One of the most compelling ways to showcase solutions and benefits is to prepare a portfolio of customer experiences across multiple-use cases. Customer success stories can only benefit PR and marketing programs (not just in a traditional sense, but also in Social Media). These stories foster peer-to-peer connections based on real-world experiences. Showcase them on your blog. Have them in the form of quotes or even Web video endorsements on YouTube, or create a branded channel on Magnify.net. Record podcasts about them. Invite satisfied customers to events. Partner with them to be proactive voices to help rally other customers. After all, satisfied and enthusiastic customers keep you in business. Show them that you know this by reaching out to them, not just waiting for them to come to you. If you wait, they could easily become someone else’s customers.

Augmenting Message Broadcasting with Market Value Propositions

The process of influence is shifting from a top-down message-broadcasting system to include a multifaceted, direct, less-is-more approach—focusing on the more valuable and influential people across all market segments that are important to our business. We now want to include storytelling rich with benefits and solution delivery based on strategic market influencer relations. All this requires individuals within marketing, sales, or service departments to visit each camp of representative and potential constituents to increase the visibility of the company’s value proposition and explain how it helps and matters to each segment. Traditionally, PR professionals have written news releases and fabricated quotes for executives; that’s largely still true today. Some even laugh about how horrible the quotes really are. They inject adjectives and irrelevant positioning statements. Then they identify potentially interested journalists and bloggers (usually through a database instead of targeting or qualifying them), and queue up the release for wire distribution. They contact those with whom they have established relationships, and then they send the news release to everyone else on that list. This is why PR often seems to be synonymous with spam.

You can now augment your activity with human and individualized market solutions to include a more street-level approach that connects you directly with the very people you’re trying to reach. In addition to the top-down approach, your process of storytelling is now reverse-engineered through three easy steps:

1. Determine the groups of people who might benefit from your story, where they seek information, where they communicate, and how they communicate.

2. Listen and observe the exchanges and conversations that serve as the undercurrent for the respective online communities and cultures where they collaborate.

3. Adapt your story to the individual groups that are seeking information.

In addition, you’ll garner incredible insight throughout the process of research, listening, and observing.
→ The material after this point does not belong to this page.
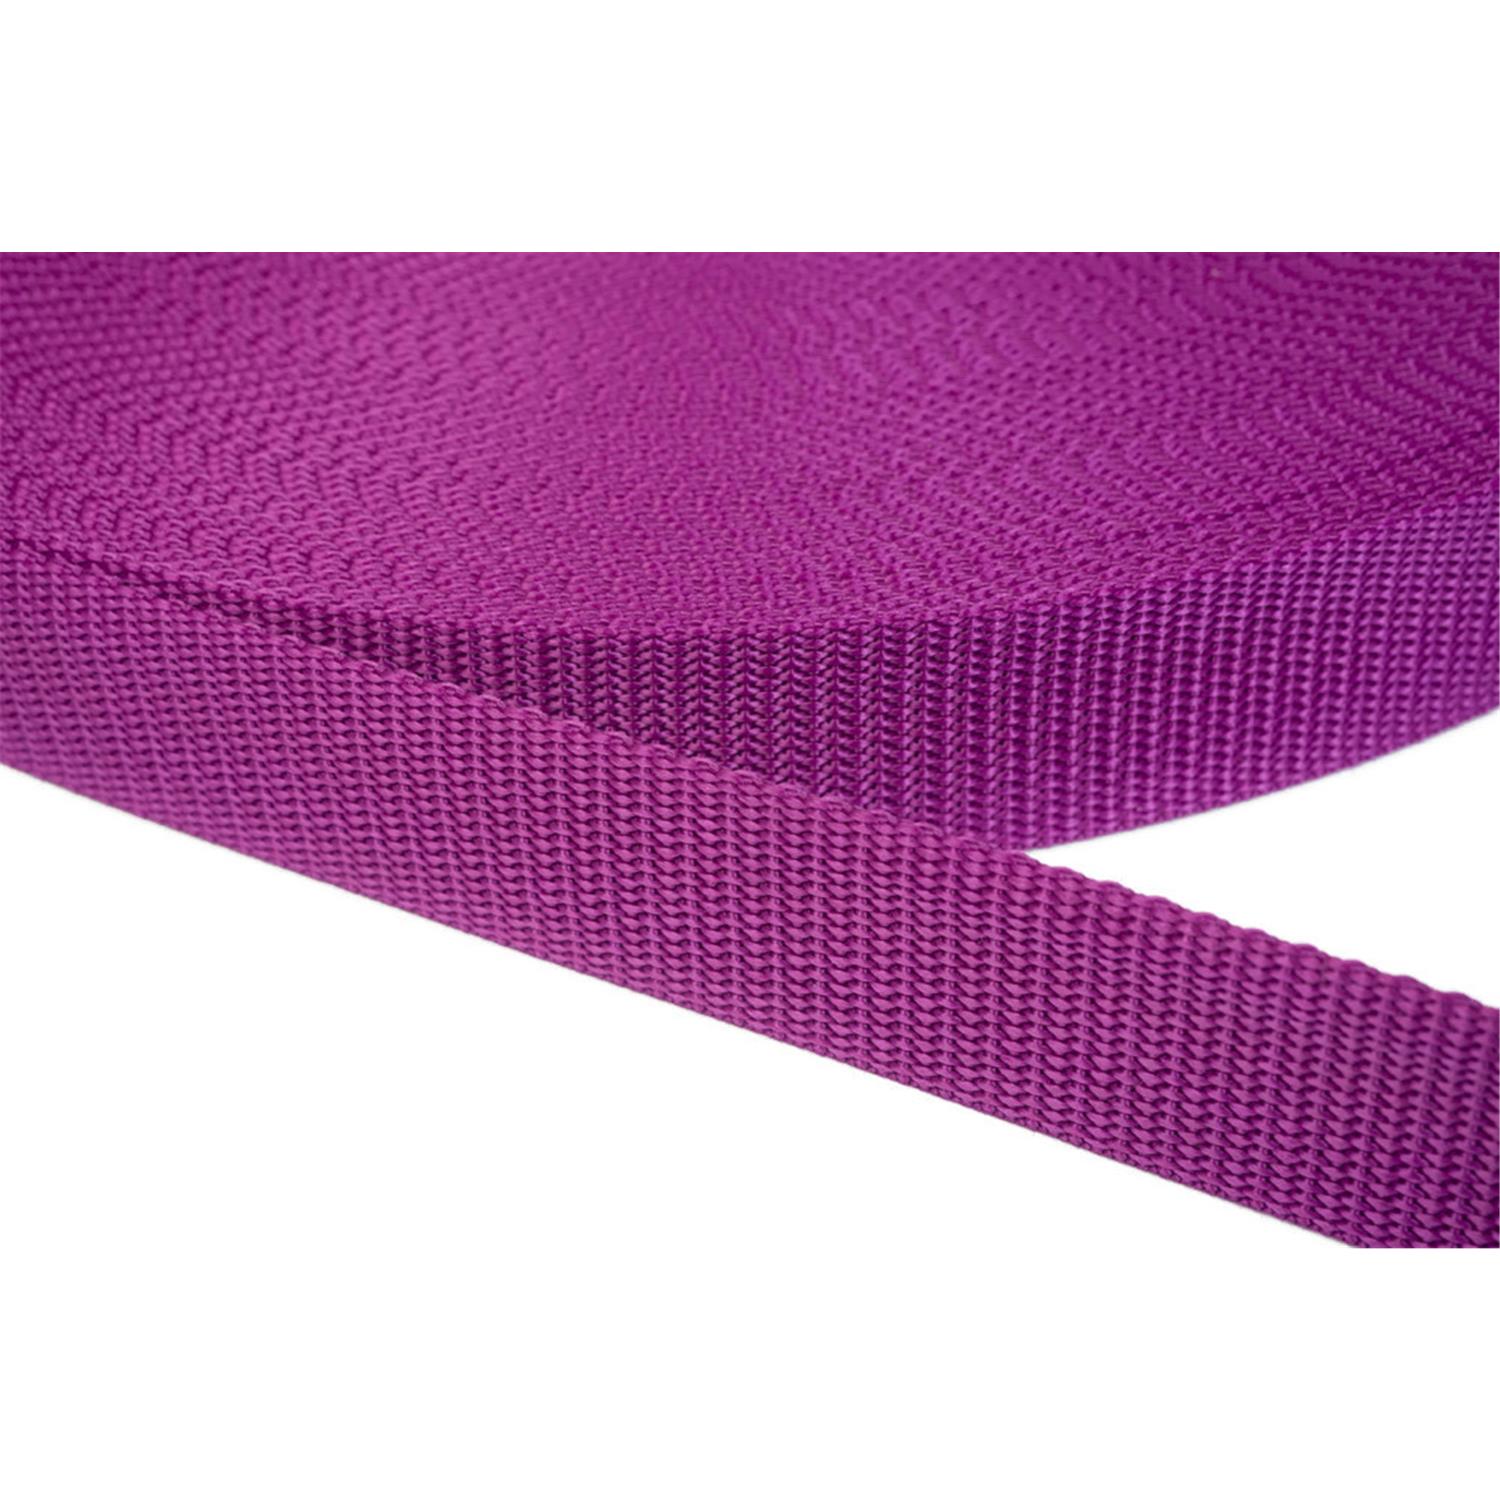 Gurtband 25mm breit aus Polypropylen in 41 Farben 22 - violettrot 50 Meter
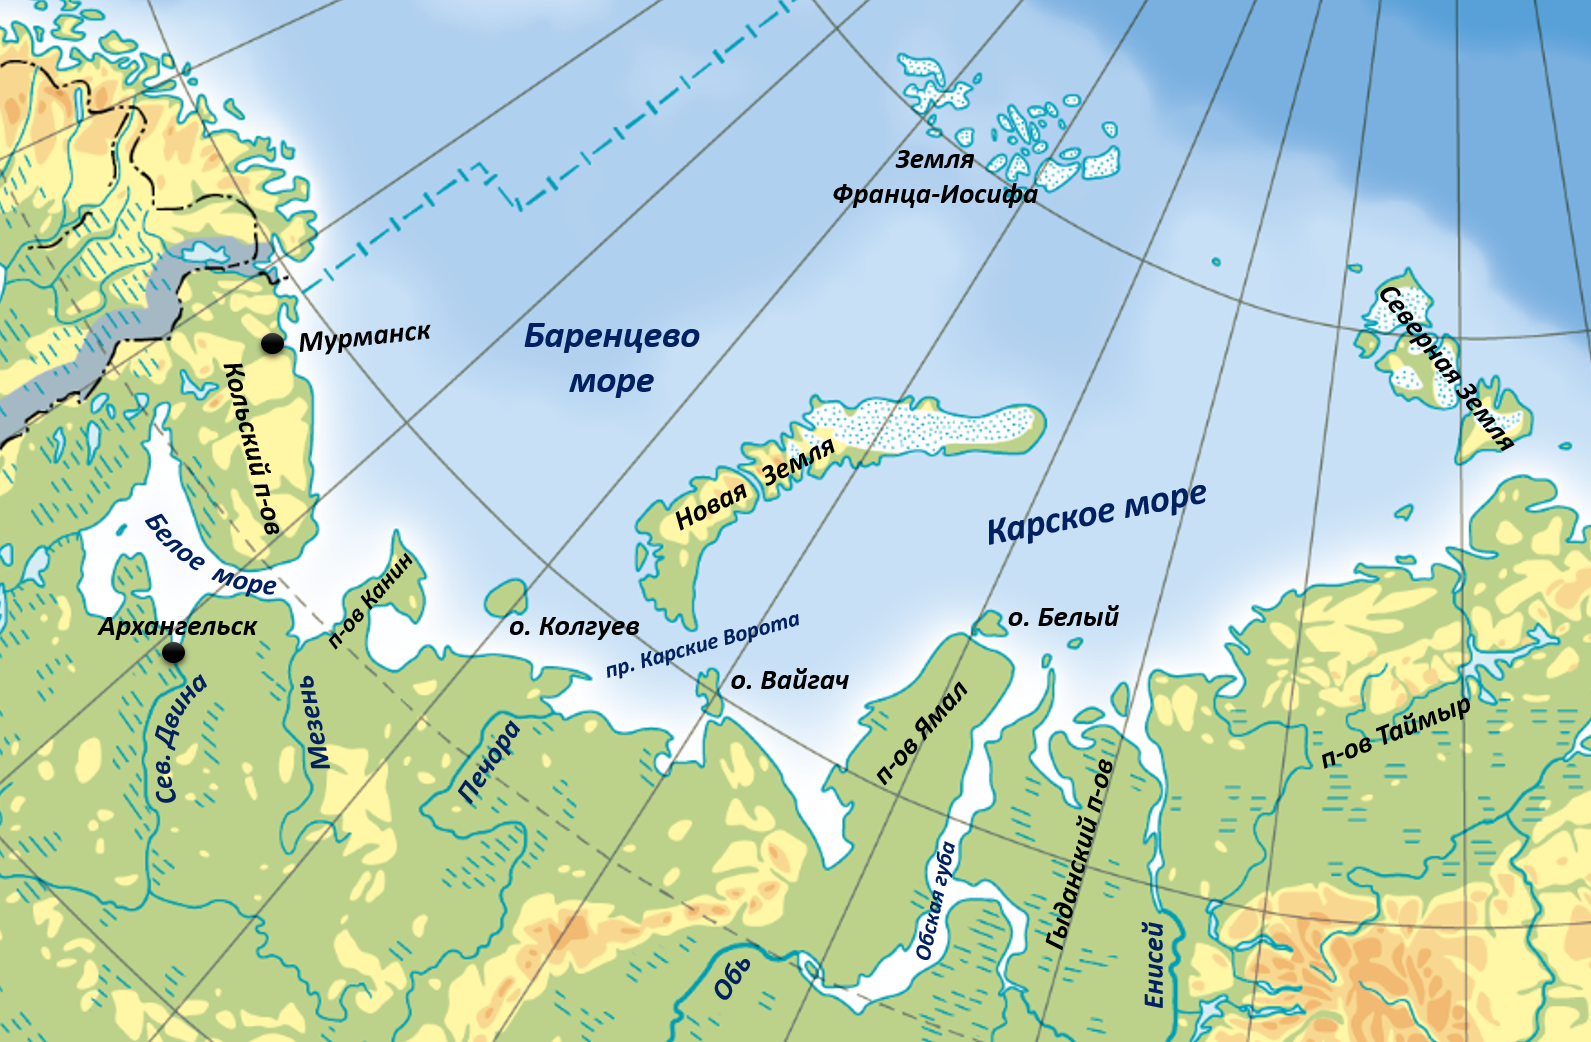 Баренцево море на карте. Баренцево море и Карское море на карте. Баренцево море и Северный Ледовитый. Остров белый в Карском море. Карта островов баренцева моря

In this way, you can also identify the new influencers (who can then reach new groups of people).

As you can tell, we are huge proponents of the social sciences. Therefore, we believe that these processes invoke new techniques and principles—all are available online (and in this book) to help you learn. If you either skipped or slept through those courses in school, brush up on those subjects. (Chapter 11, “Technology Does Not Override the Social Sciences,” explains their importance in more detail.) To be a true member of the online community, you must humanize your intent and story, and learn how, where, and why to participate. By doing so, you reset the dynamic for engagement from top-down to one-on-one interaction.

This is probably one of the most important tips of the book, and it’s critical that you understand that PR is no longer rooted in broadcast methodologies and the single-focused, general messages that drive them. PR needs to follow the authoritative dialogue, wherever it takes place. Without you, who will answer questions, clarify confusion, defend the brand, or develop relationships for the long term?

Message broadcasting is usually ineffective in New Media, especially as it relates to influencer relations. Traditionally, PR has focused on the right half of the infamous bell curve of product adoption. For those who might be unfamiliar with it, the bell curve features segmented portions that reflect the stages of market adoption, going from left to right. In Figure 16.1, innovators represent 2.5% of the market opportunity, early adopters represent 13.5%, early majority represent 34%, late majority also represent 34%, and laggards are at 16%. When we say that PR has concentrated its efforts on reaching the masses, they’re usually lobbing news releases, messages, and pitches to the right side. Social Media unlocks and reveals the thriving communities and corresponding influencers that reach and stimulate the left side of the bell curve.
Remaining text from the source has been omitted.